The expected response is the full listing, retyped exactly, without its images.

— THE DATA —

Segment Open

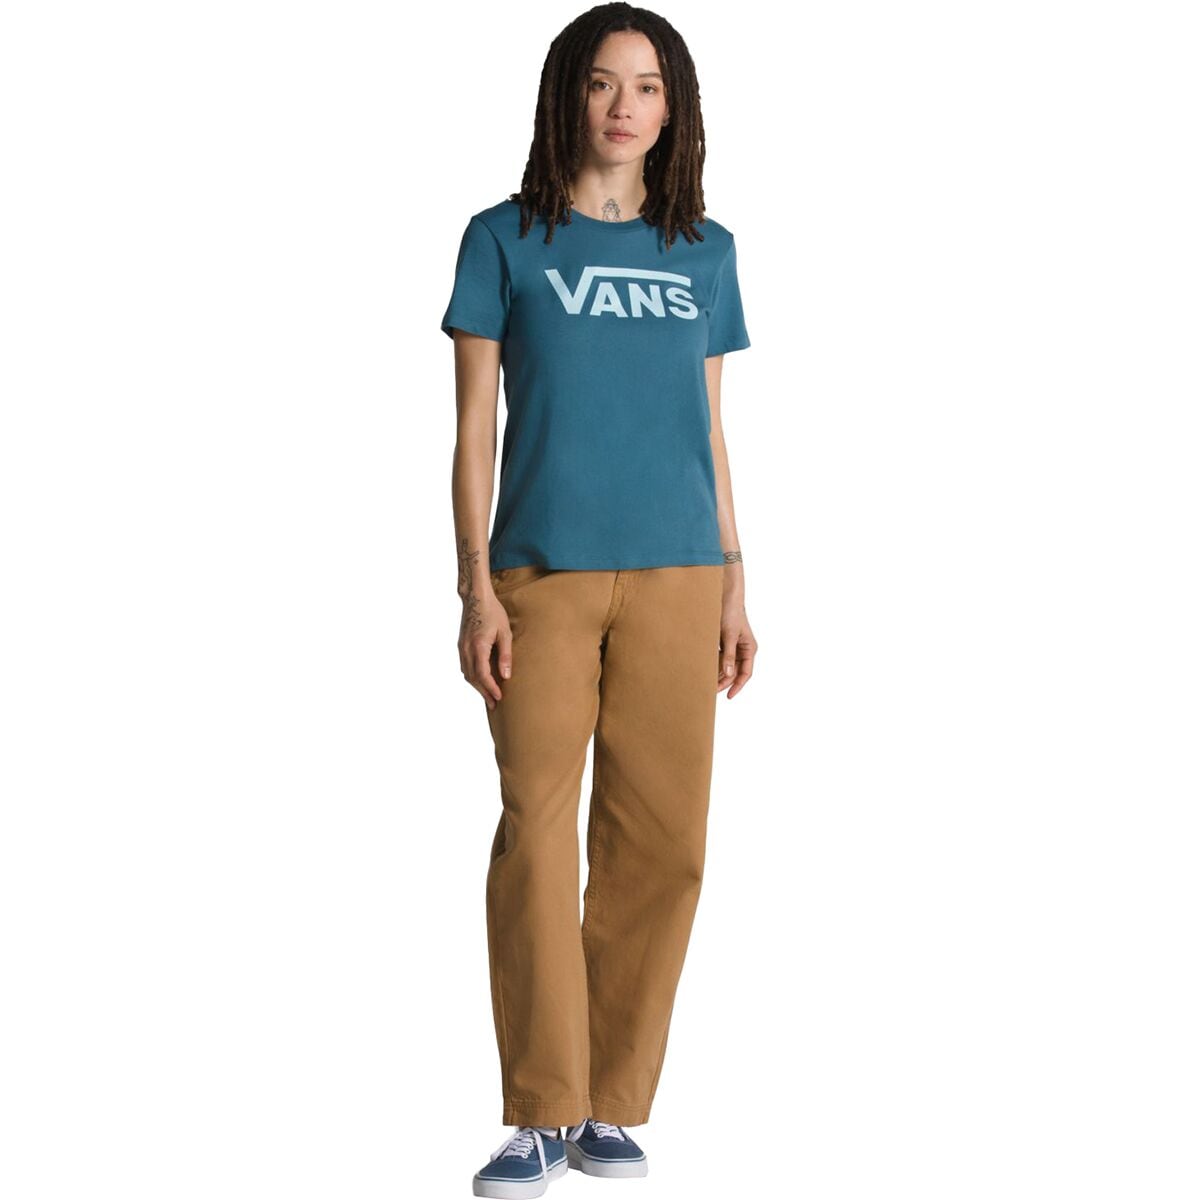 Vans Flying V Crew T-Shirt - Women's - Clothing
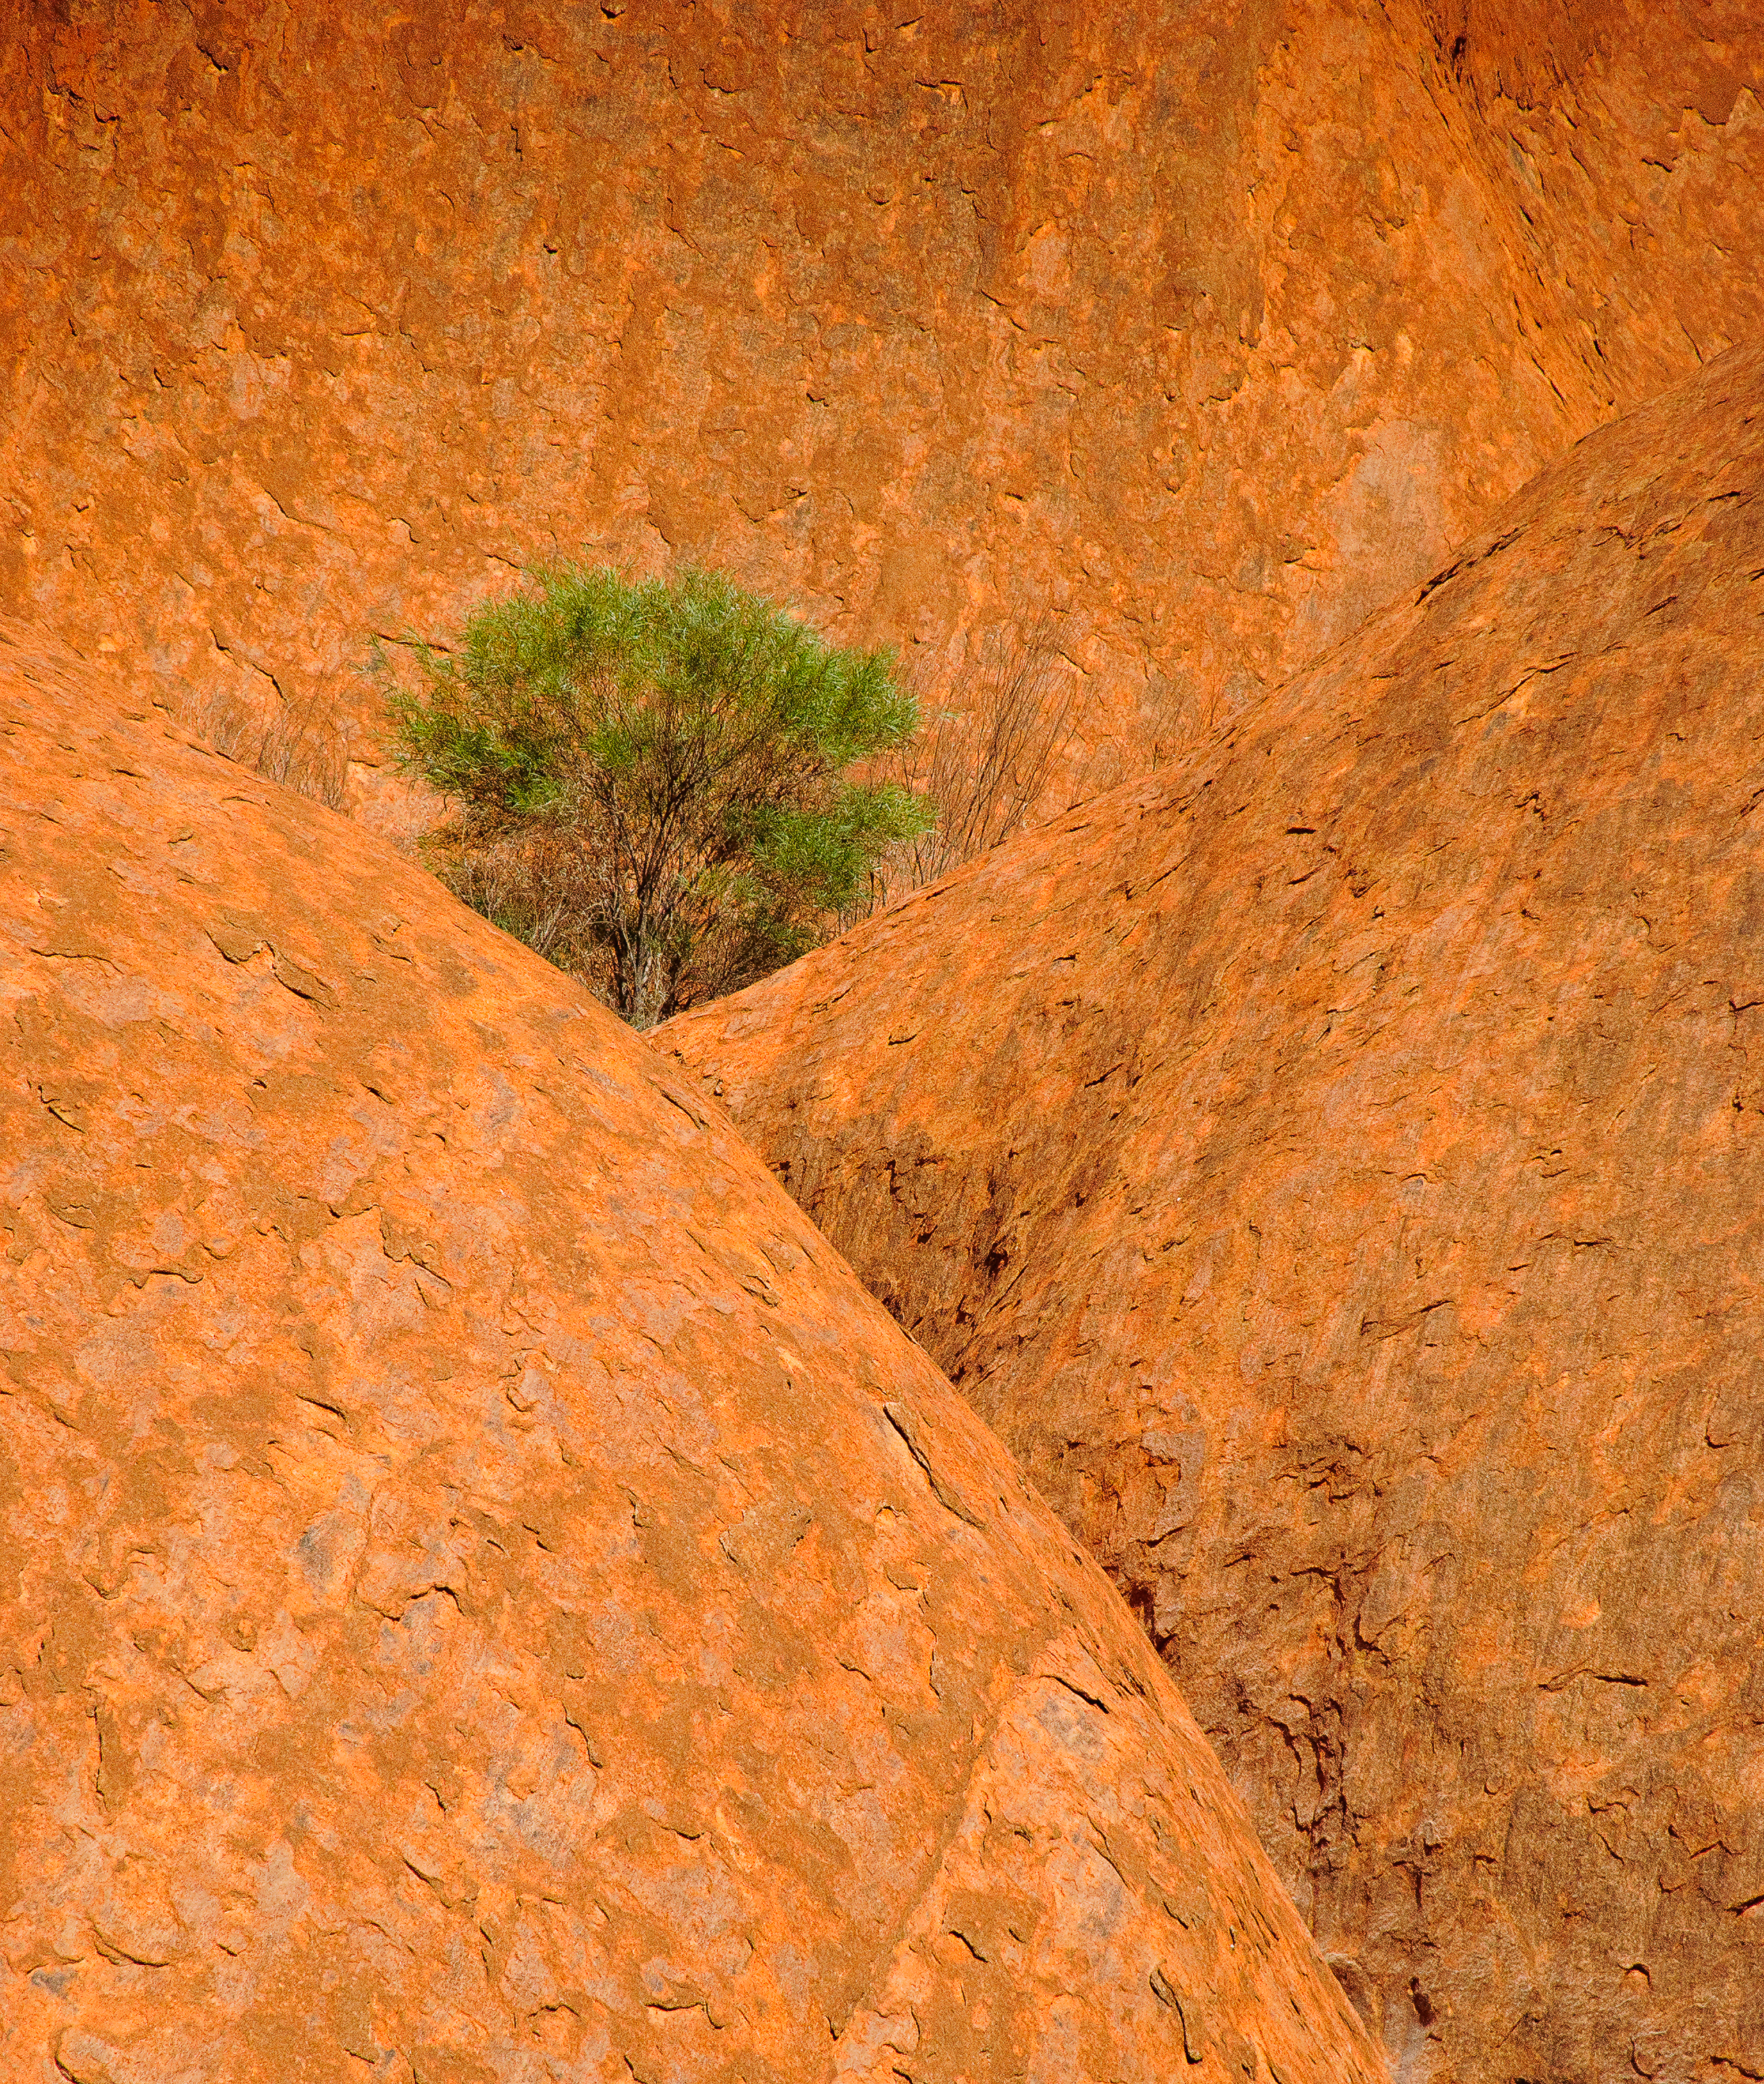 Tree, Uluru, Australia (2007)
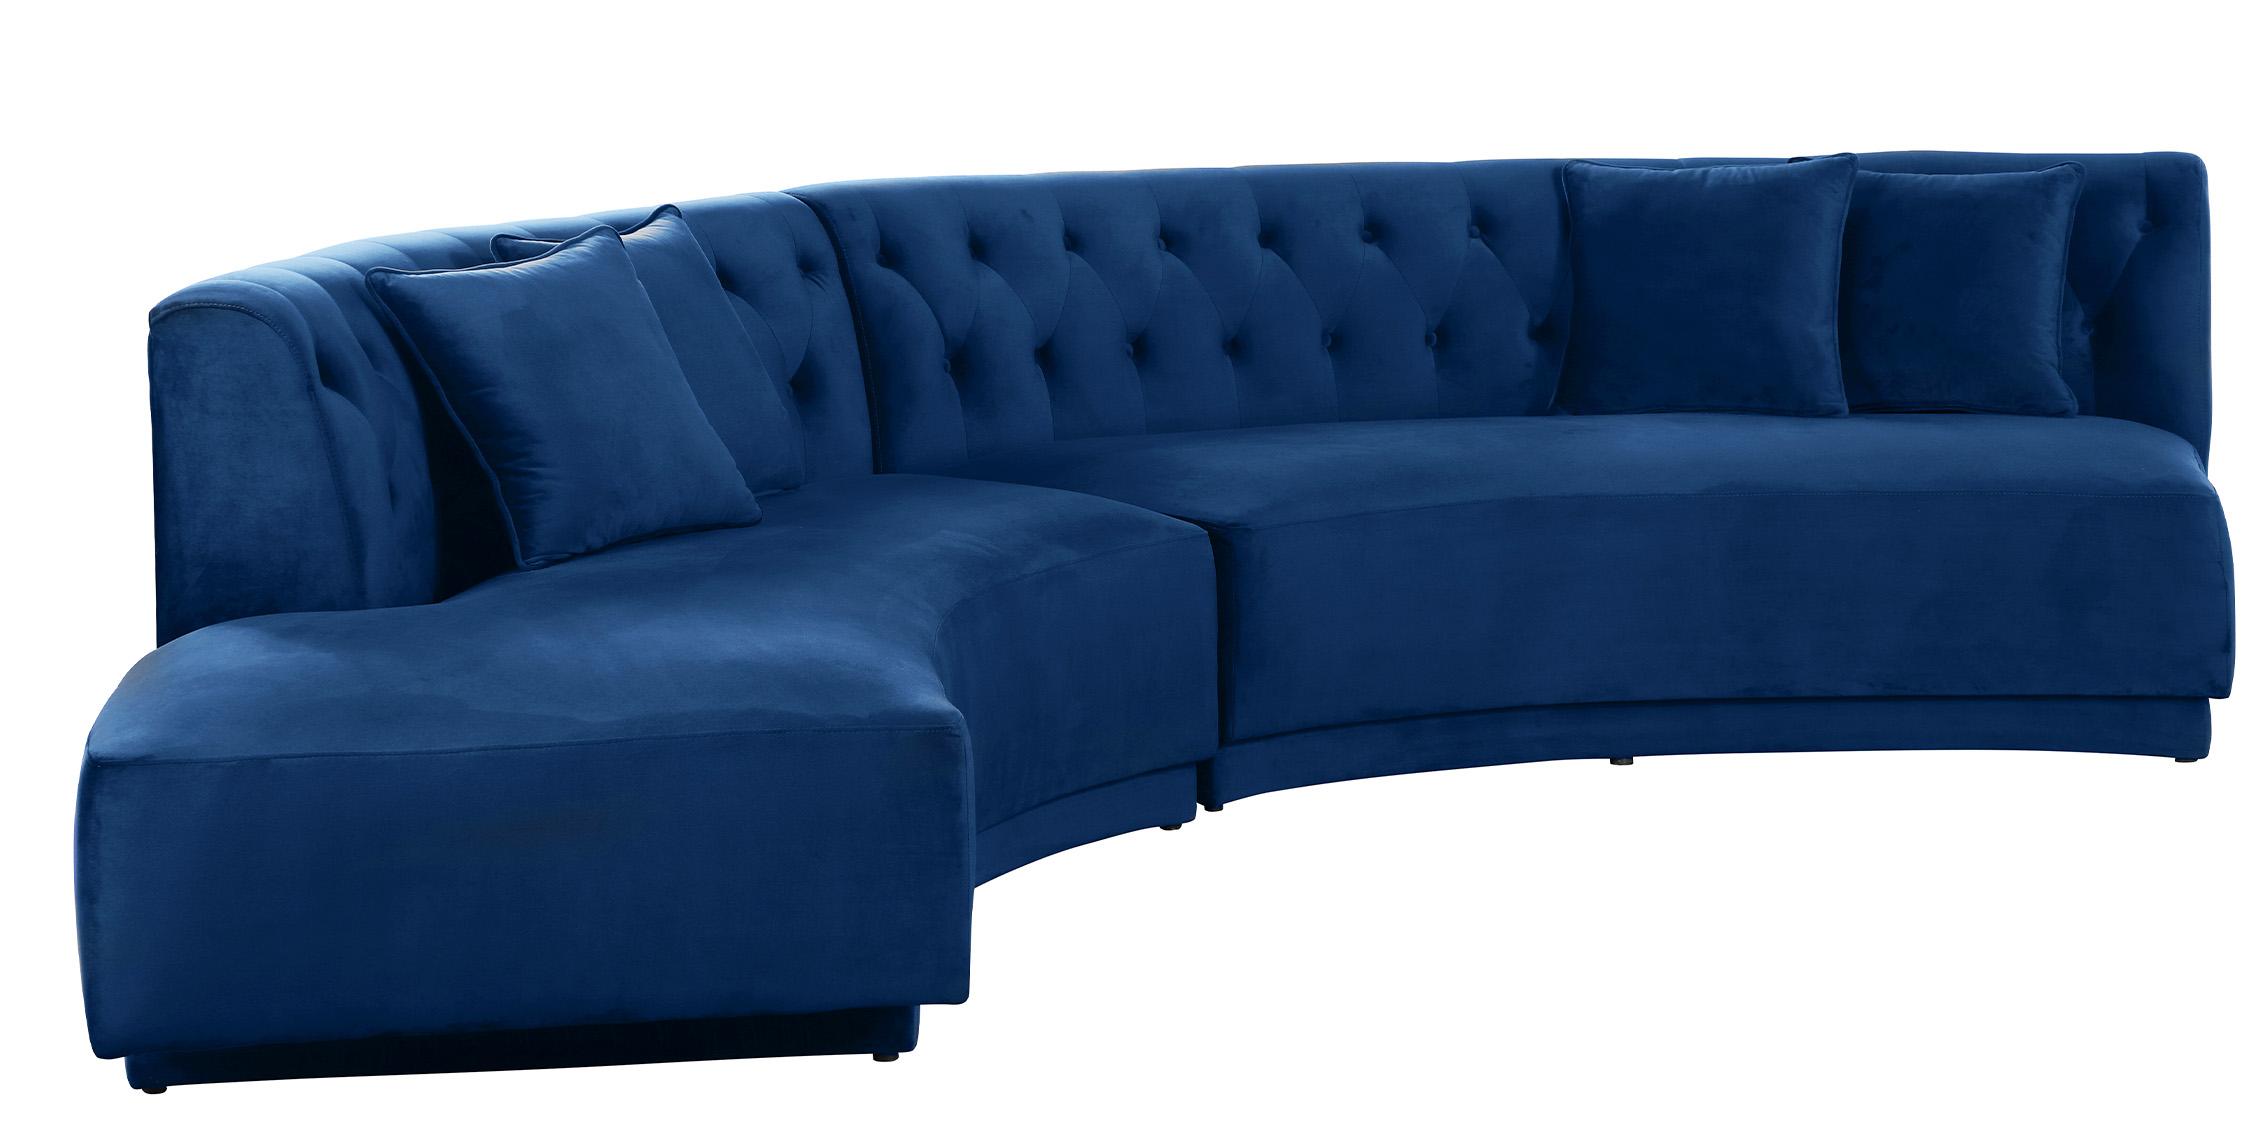 Contemporary, Modern Sectional Sofa KENZI 641Navy 641Navy-Sectional in Blue Velvet

Segment Closed

— EXERCISE OUTPUT —
 Vans Flying V Crew T-Shirt - Women's - Clothing
 Tree, Uluru, Australia (2007)
 Contemporary, Modern Sectional Sofa KENZI 641Navy 641Navy-Sectional in Blue Velvet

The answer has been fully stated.